Some truths: a) You want to be valued by the businesses that consider you their client. b) No matter how good a relationship you may think you have with them nothing will break it faster than you being a lousy payer. c) Every day you don’t pay that bill you add stress to their life and their business. d) When you pay fast you become considerably more valuable to them as a client. Many good things come from that position.
Our policy is to wait 90 days for payment, and if they haven’t paid we take down their site and change their admin passwords. It’s a bit harsh, but we usually get paid within 24 hours of this. Clients know going in that this will happen to delinquent accounts.
Hope can get this works on the practice, there is to much useful tips to sucess.
As a freelance designer/developer this rings too true. When I started I went through months of trying to track down clients who hadn’t yet paid their last bill for a site that was now fully functional and running. They were getting full use of my services for which they haven’t paid.
My solution was to setup subdomains where I host their site where I develop, test, debug and get final approval on. Once they approve the final design I receive the last payment and they get their site. They don’t get it until that point.
I actually had one client tell me that he didn’t have the money for the last payment so I didn’t give him his site. Two months later he paid the final payment and got his site, when I asked him why he waited so long he said “I was planning on giving you the final payment in two months when I had enough money.”
Interesting read, thanks.
Sorry be a nit-picker folks, but there are a lot of spelling mistakes and grammatical errors in this article.

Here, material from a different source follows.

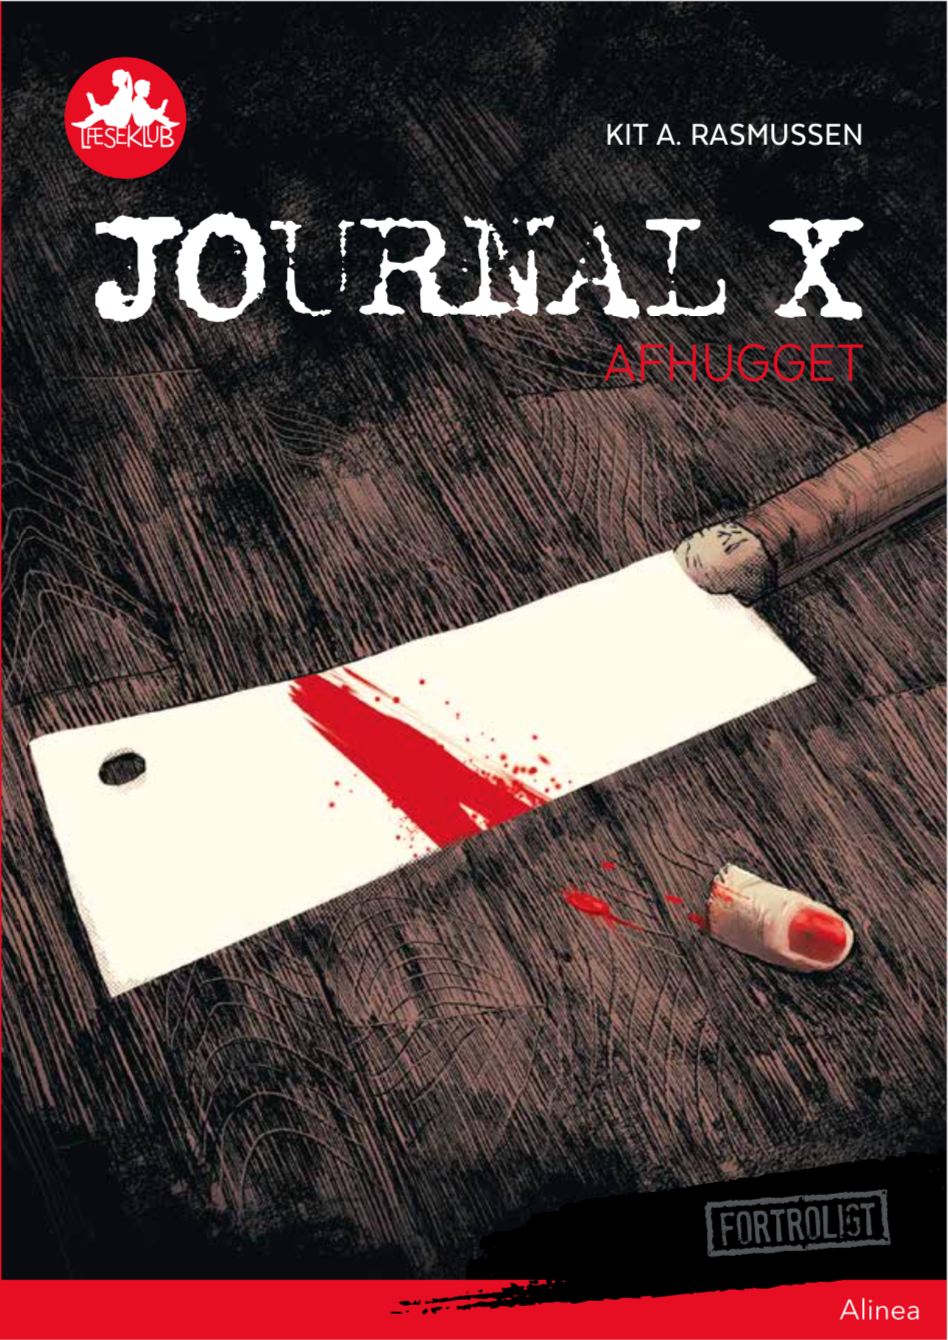 Journal X: Afhugget

I figured you’d want to know so you could fix it.
Our policy is to wait 90 days for payment, and if they haven’t paid we take down their site and change their admin passwords. It’s a bit harsh, but we usually get paid within 24 hours of this. Clients know going in that this will happen to delinquent accounts.

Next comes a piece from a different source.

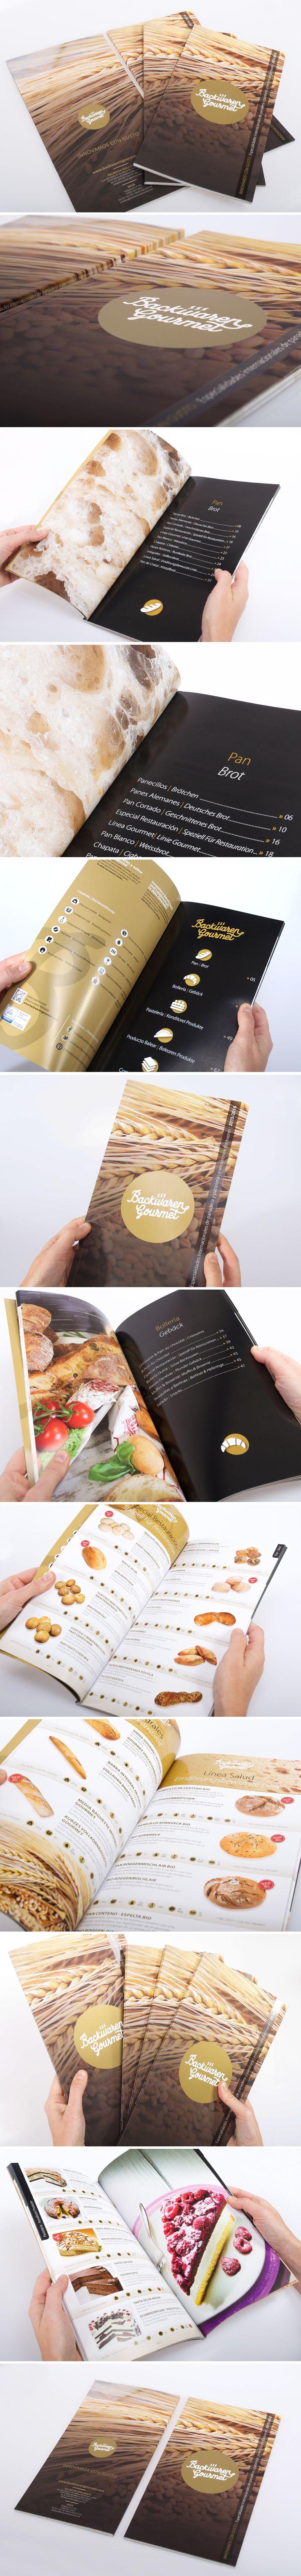 Backwaren Gourmet es una empresa ubicada en Mallorca que distribuye productos…

Really instructive article.
Thx!
Thanks for the good article. I think this may help me with some difficult clients in the future ;)
You’re so right, people can really push things. I used to be quite flexible on payment, but for the last few jobs we’ve been asking for 50% up front and then they only get the site once the remaining 50% arrives. Works a treat.
Nice advice Howard but you left a few things out. At what point should you get the mafia get involved and what size of pipe wrench would you recommend?
Greg, may I suggest the Heavy-Duty Straight Pipe Wrench
It’s “Sturdy cast-iron housing and I-beam handle with full floating forged hook jaw” really works like a charm ;)
Excellent point Greg. Perhaps in addition to “We are not a bank” I should add “But we CAN treat you like a loan shark.” ;)
One thing that helped my business (web design and development) decrease payment time was including a prepaid, self-addressed (to my business) check envelope with the clients return address in the final invoice that I send them. Once less thing for them to worry about.
While it is always helpful to build in ways that help clients pay faster I have found that setting the mindset right, your and theirs, at the start is what makes the long term difference. With online banking and automated payable systems it takes seconds to make a payment. They simply have to make that task a priority because of the impact it will have on the relationship between your 2 companies.
Too many clients make paying you far less important than they should and often turn it all into a game. As soon as you join them in this game you have lost.
Barry, your idea fits my personality more. By including the payment envelope (or instructions for an online payment option), you’re subtly telling them that you want to be paid right away. Saying “we’re not a bank” might be appropriate for the freight industry, but I think you’ll get better results with more subtlety in the professional services.
Appreciate the concern Dusty. “We are not a bank” is meant to be more of a mindset than something you actually say to a client.
I brought the mentality that I learned (the hard way) at my freight business to my marketing and interactive business and it has proved invaluable.
In my experience, people do not pay poorly because they could not find an envelope to send the check in. It certainly is a nice touch but they have to WANT to pay you promptly first.